Pour ne pas saturer les détecteurs avec la lumière du Soleil, je ne peux faire des mesures que la nuit, du lever au coucher du Soleil. Si l’été, alors que tout le monde est sur le pont au cours de la campagne, j’ai la chance de n’avoir que 2 ou 3h de travail par nuit ; au cœur de l’hiver, alors que le rythme et l’énergie diminue sur la station, j’enchaîne les longues nuits de travail. Jusqu’à 20h de tir consécutives quand la météo est favorable ! Je vois donc chaque membre de la station aller se coucher, puis se lever quelques heures plus tard, alors que je continue de travailler. Et quand ils travaillent, je dors pour récupérer de ma longue nuit de travail. Ainsi, vous comprenez mieux pourquoi j’ai moins publié au cours des deux derniers mois ! Heureusement, le Soleil a gagné sur la nuit, et chaque jour, nous gagnons plusieurs minutes de jour. J’aurai maintenant davantage de temps à consacrer à de nouveaux articles, pour votre plus grand plaisir, je l’espère.

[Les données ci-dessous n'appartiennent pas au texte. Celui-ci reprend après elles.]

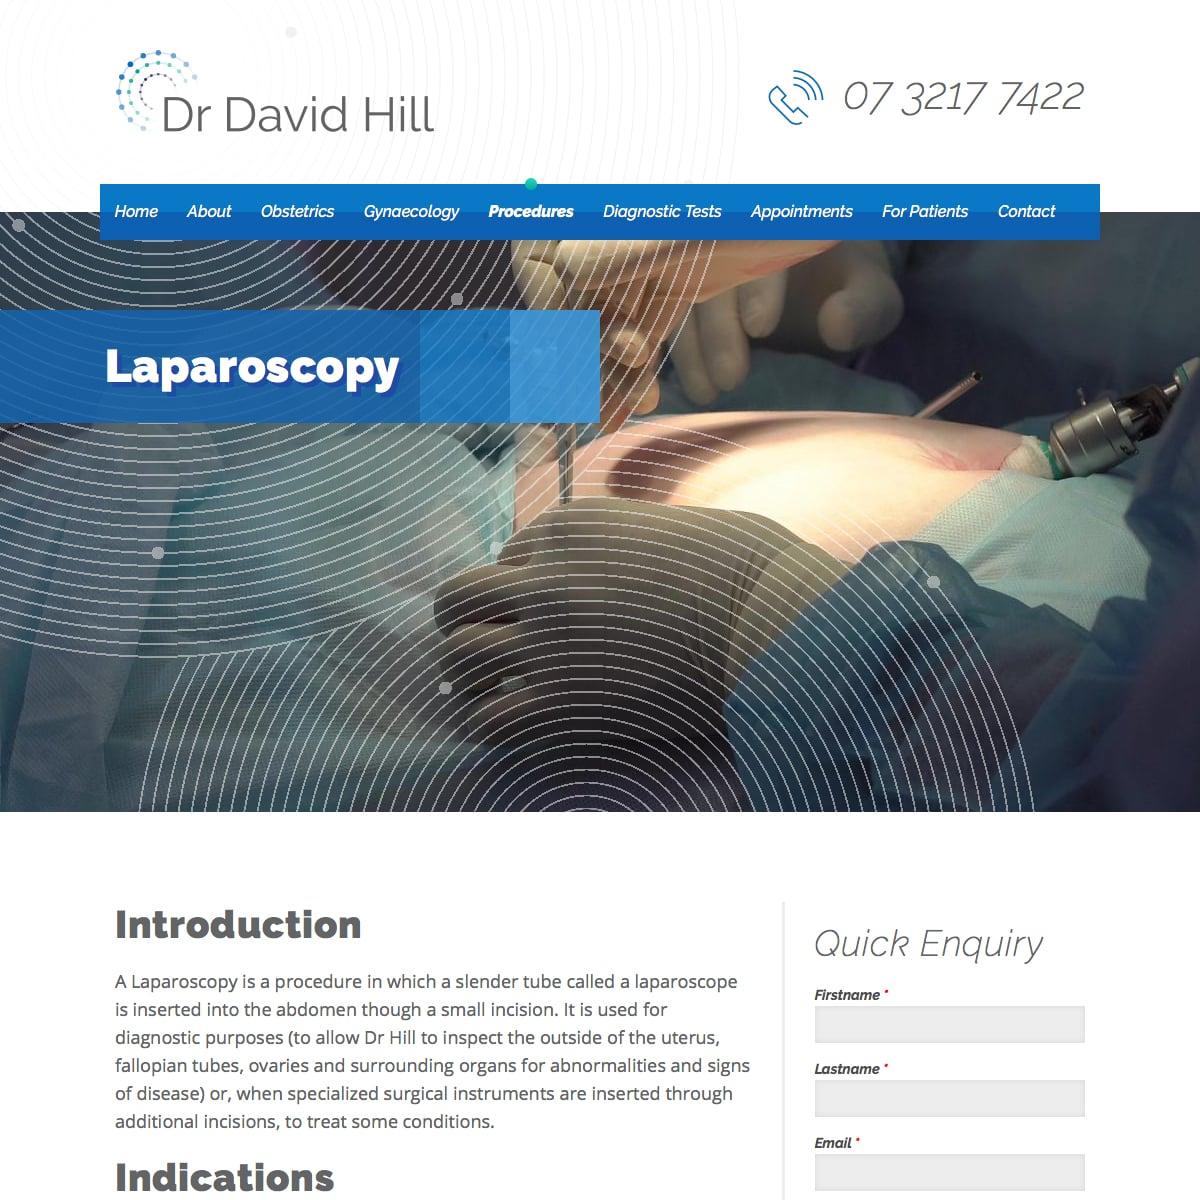 Dr David Hill - Laparoscopy

Évidemment, comme à l’habitude, je ne peux vous laisser sans quelques photos et vidéos ! Vous y verrez surtout le faisceau laser vert, très visible partout sur la station, et sur un bon nombre de mes photos nocturnes !

J’en profite également pour remercier le LATMOS pour la confiance qu’ils m’accordent, me permettant ainsi de travailler sur ce joli projet. Un merci tout particulier à Florent Tencé, qui suit mes activités au quotidien, et a accepté de corriger et étoffer cet article ! Merci aussi à l’Institut polaire français pour son rôle essentiel dans la faisabilité de tels projets.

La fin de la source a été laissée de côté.